- [Exercise brief]: Nothing but the lines from the one holding "Simple Stories Simple" through the last line of the material below should be set down, exactly and without images.

- [Collected material]:
————

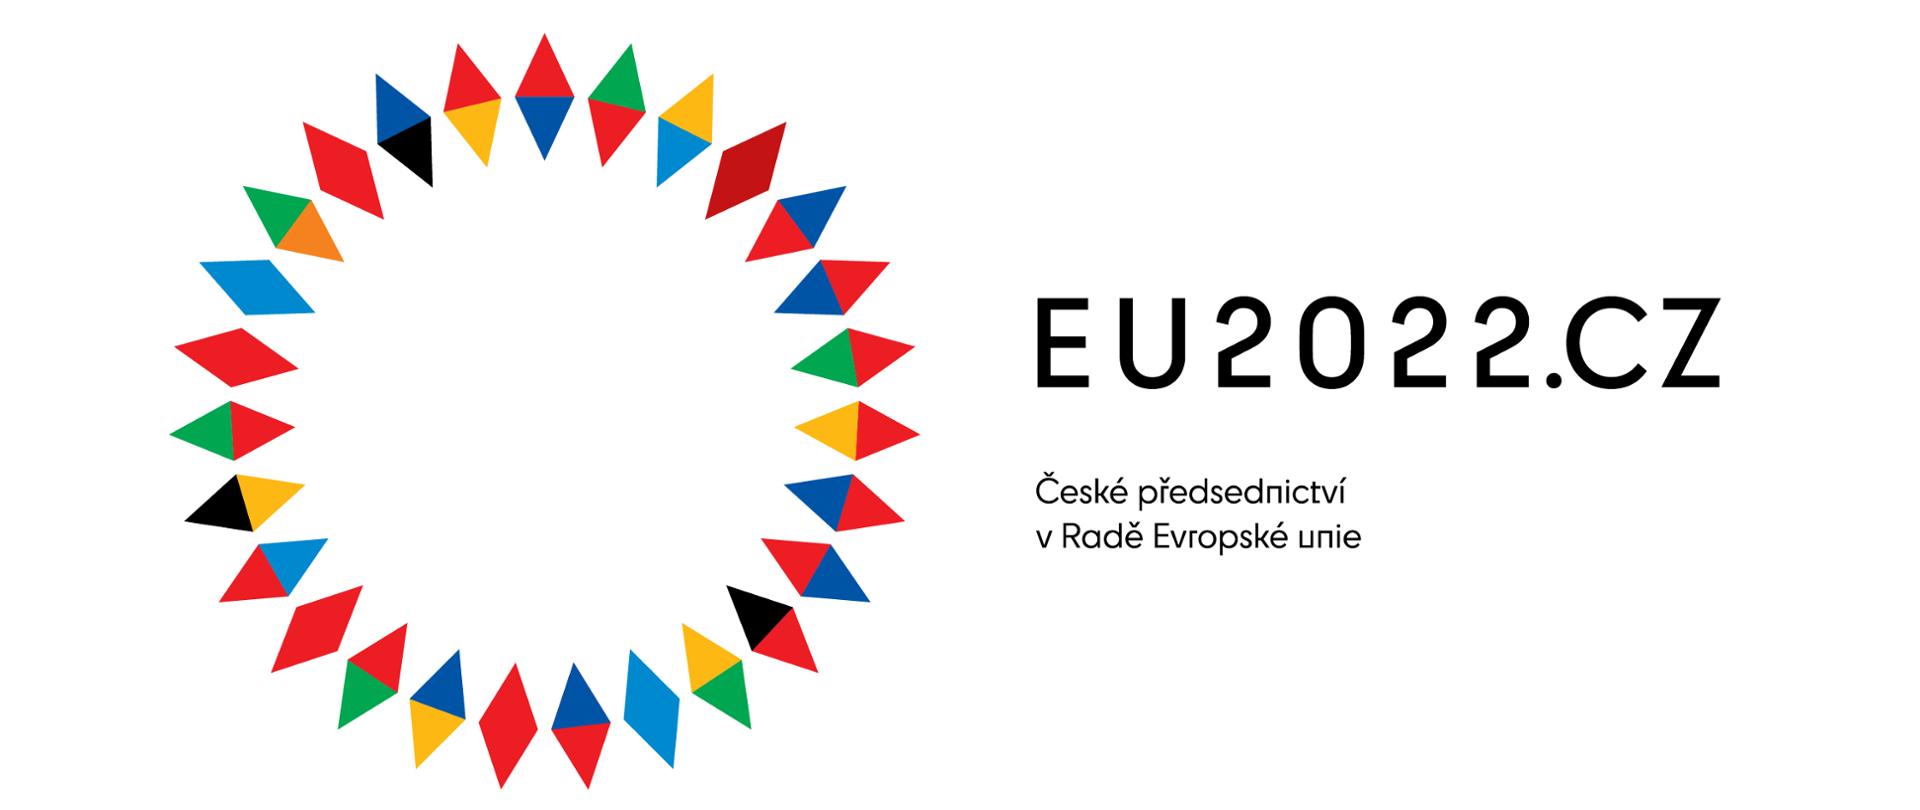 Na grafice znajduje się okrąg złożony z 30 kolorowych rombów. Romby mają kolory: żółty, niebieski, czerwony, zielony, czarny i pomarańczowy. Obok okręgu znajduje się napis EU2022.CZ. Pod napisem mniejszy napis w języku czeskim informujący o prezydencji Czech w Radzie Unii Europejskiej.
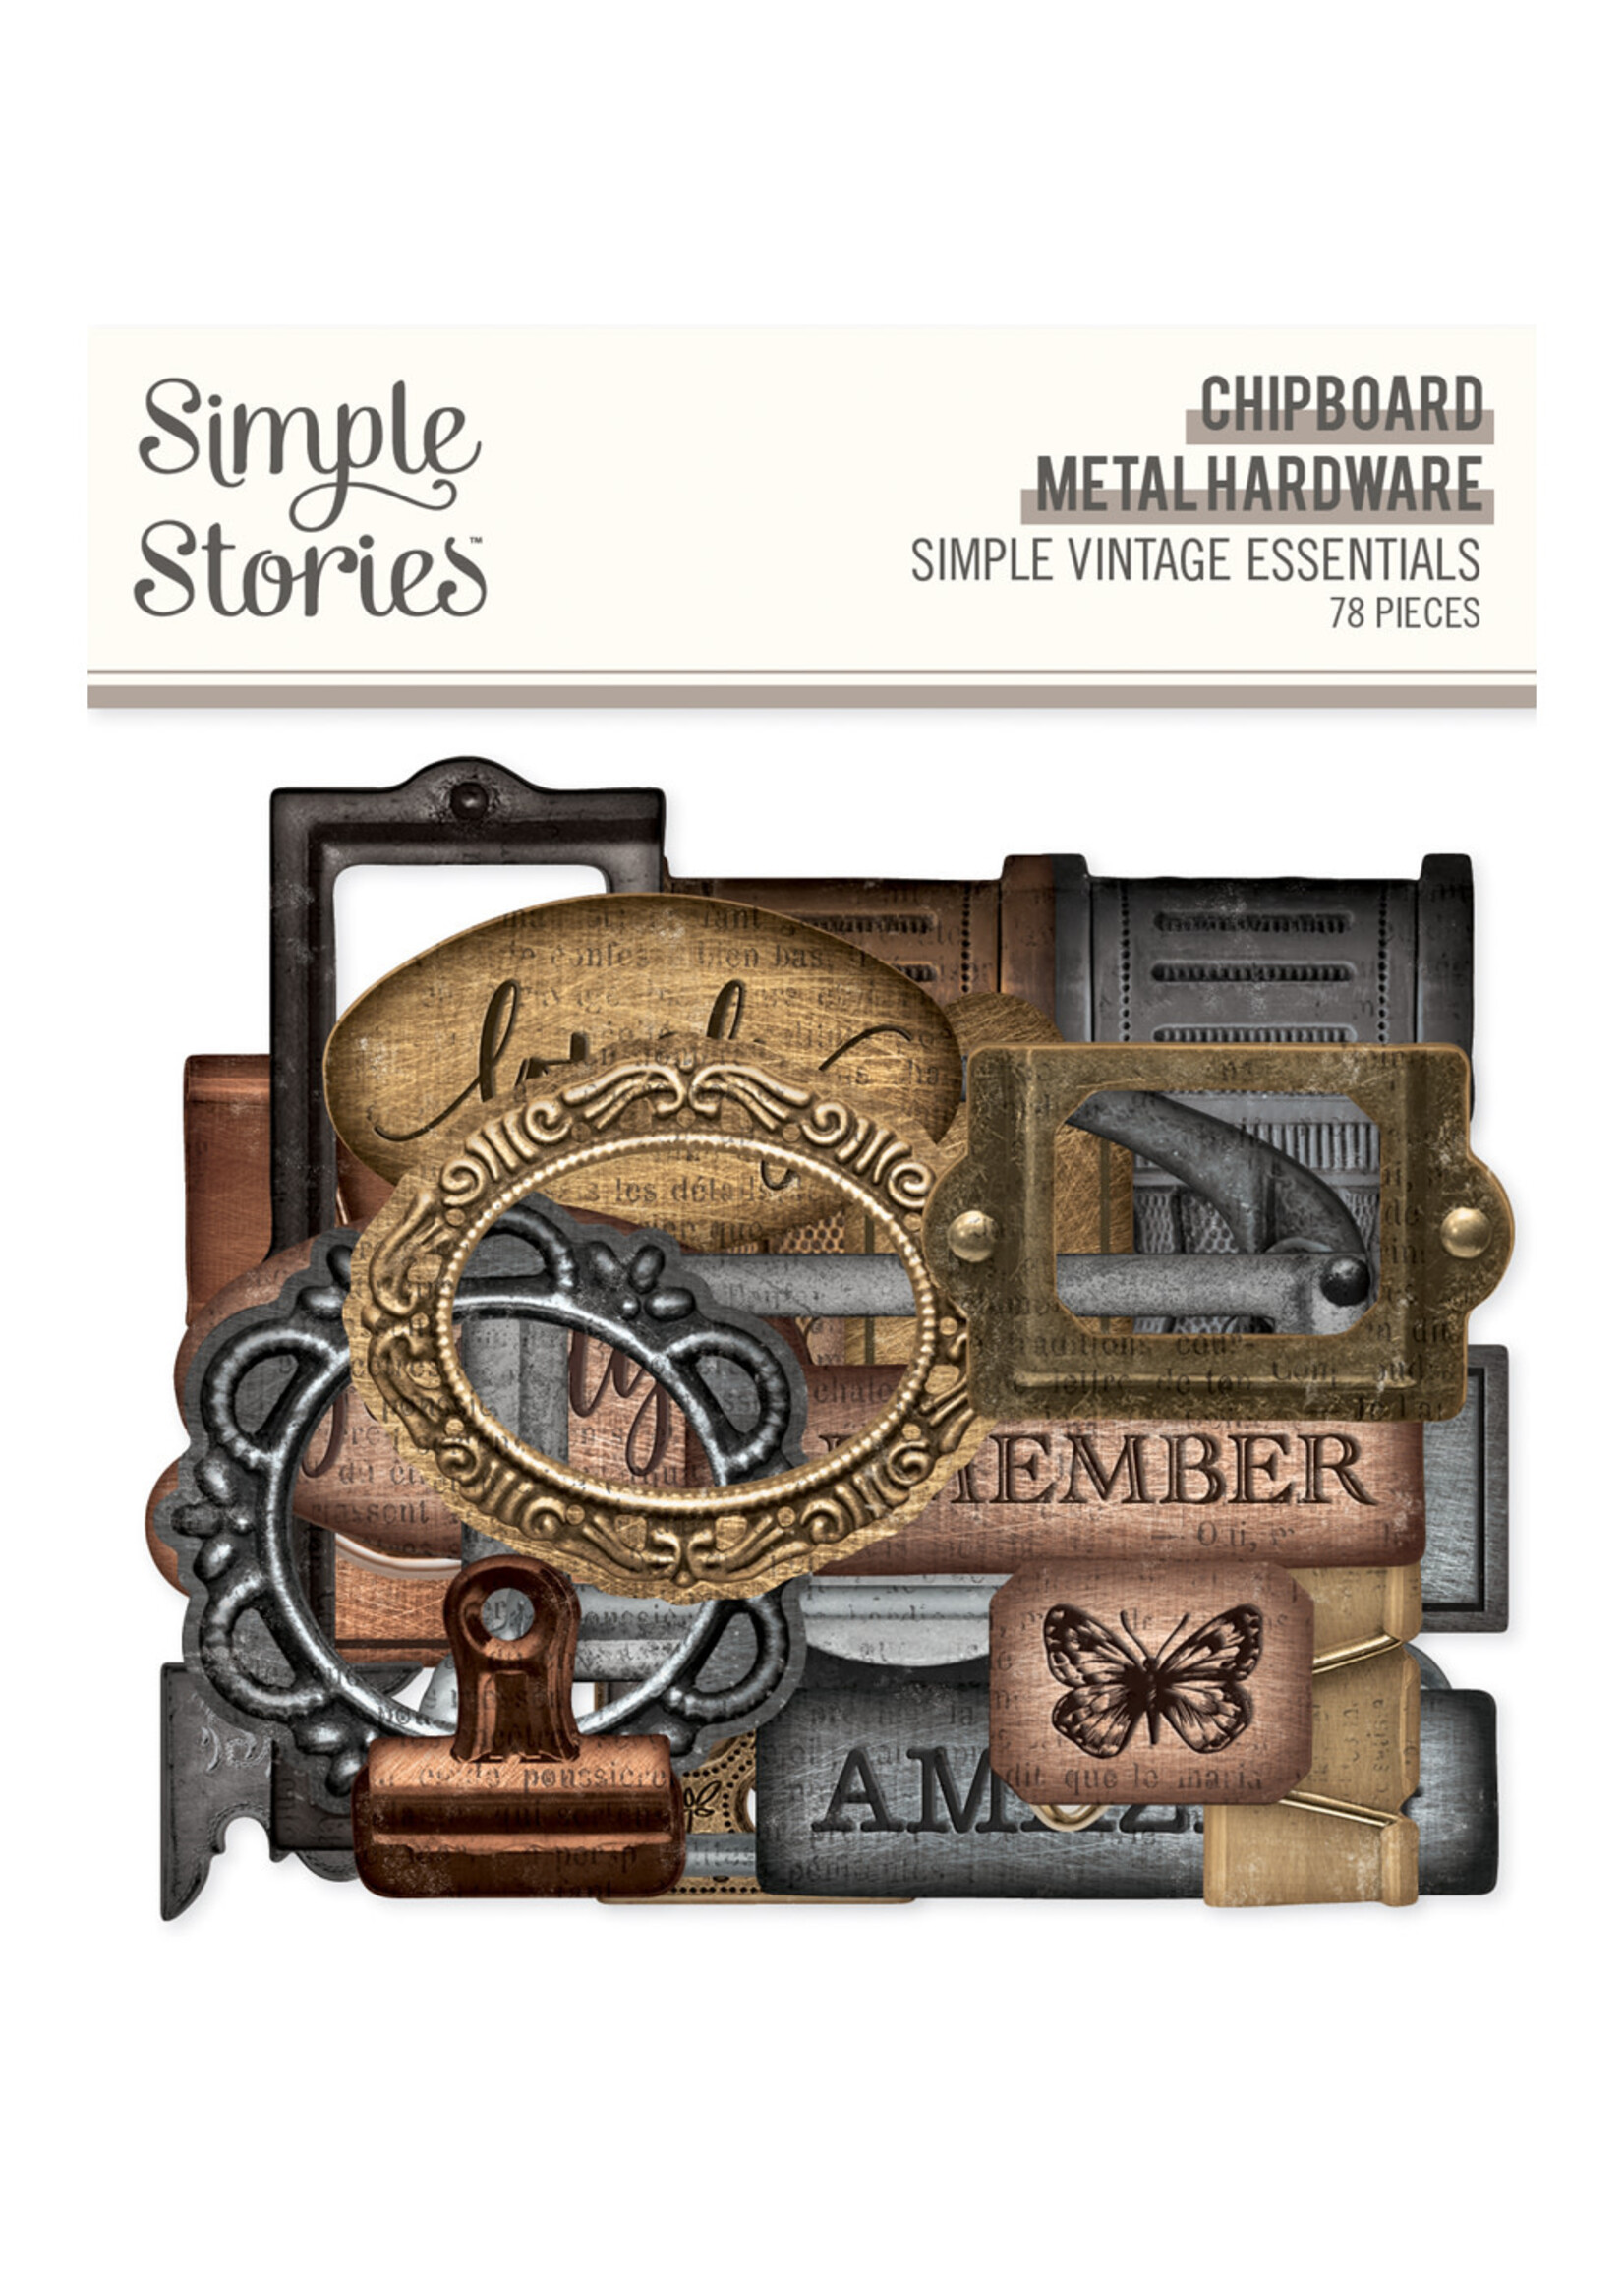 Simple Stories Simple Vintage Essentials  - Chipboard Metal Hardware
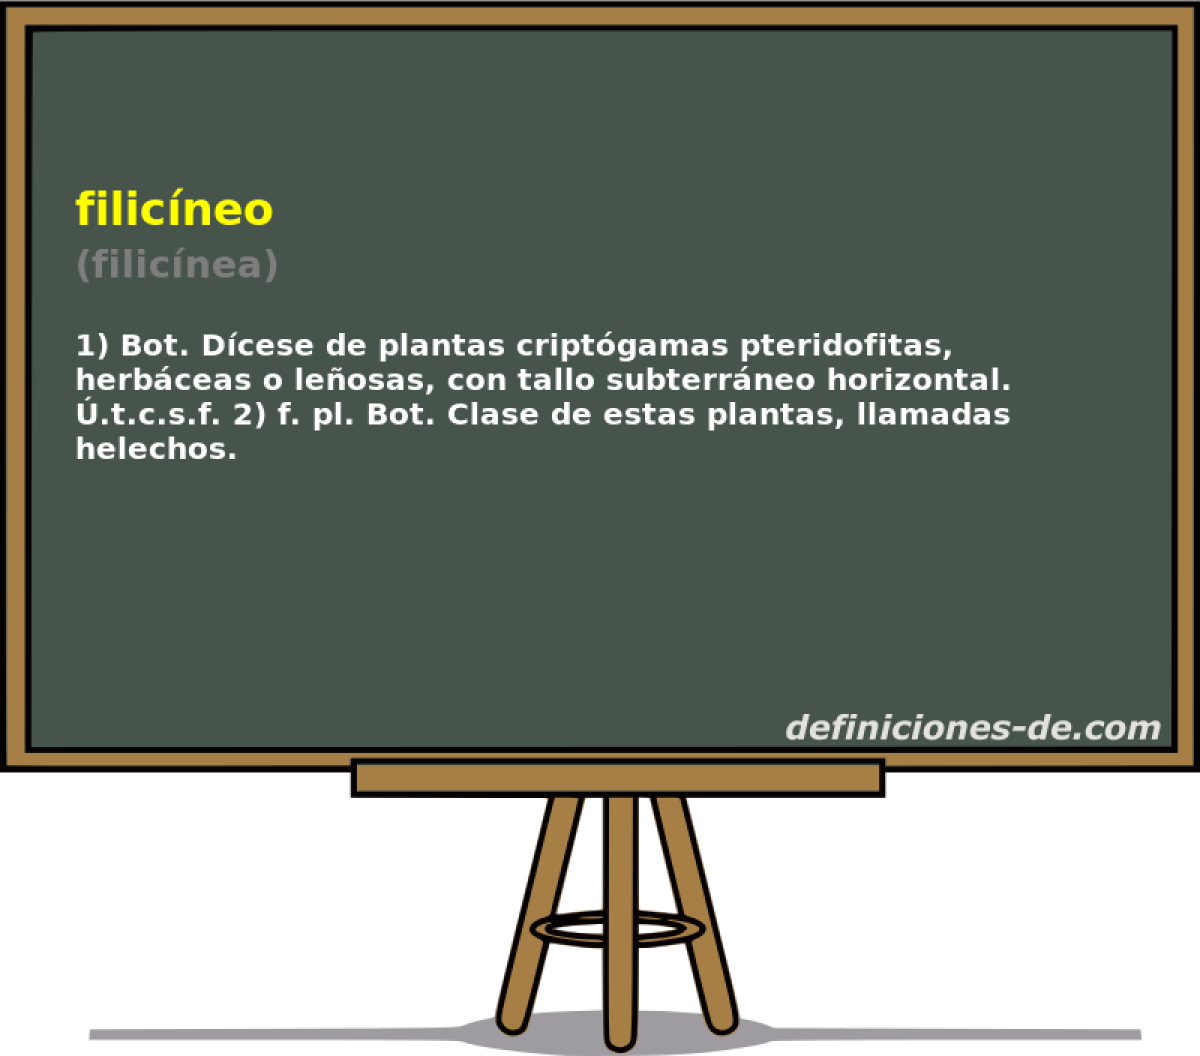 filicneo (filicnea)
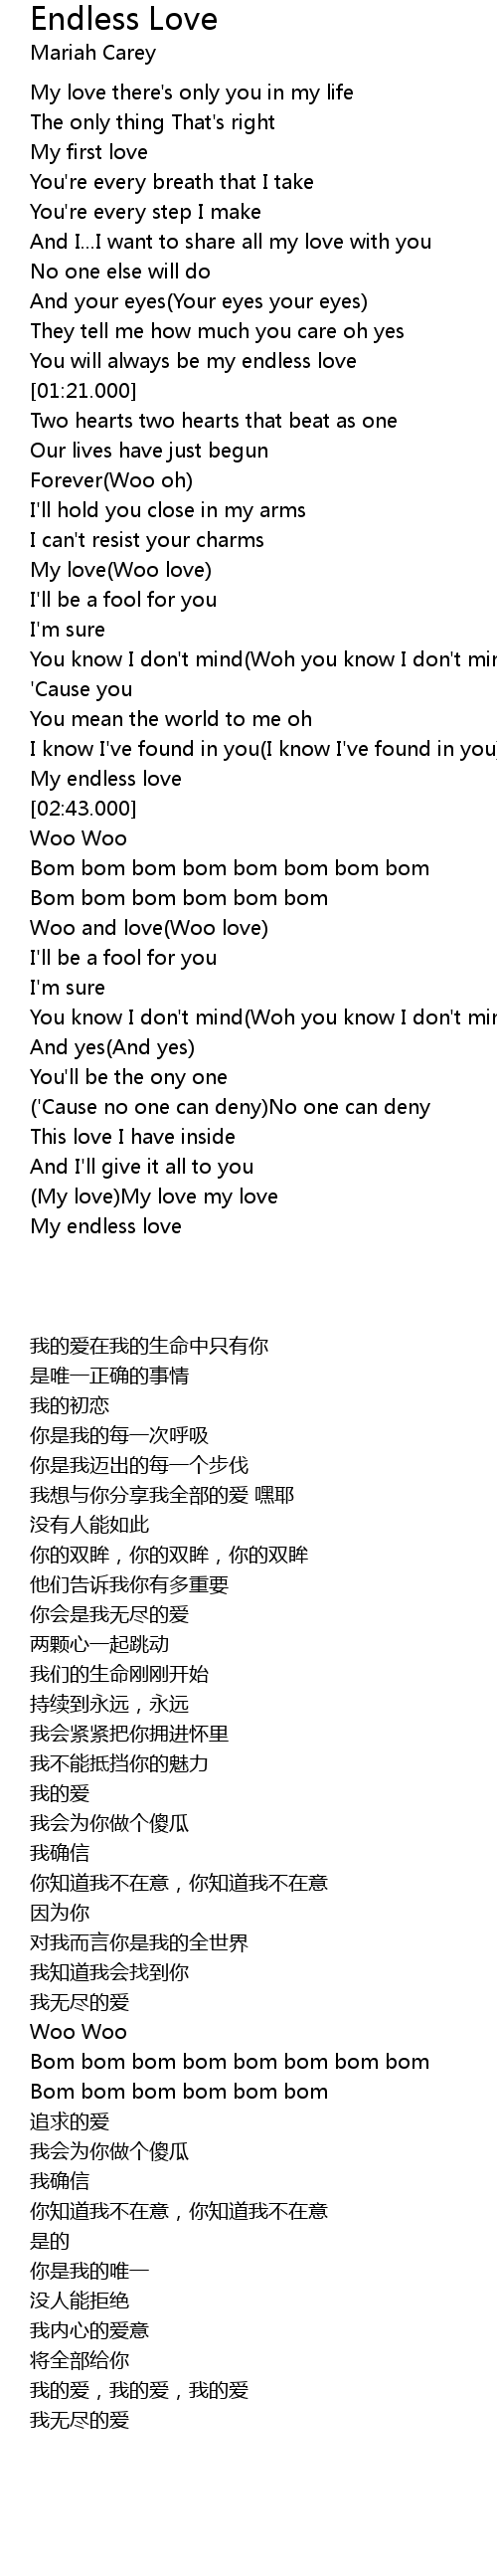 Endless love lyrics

————

- [Task solution]:
 Simple Stories Simple Vintage Essentials  - Chipboard Metal Hardware
 filicneo (filicnea)
 Endless love lyrics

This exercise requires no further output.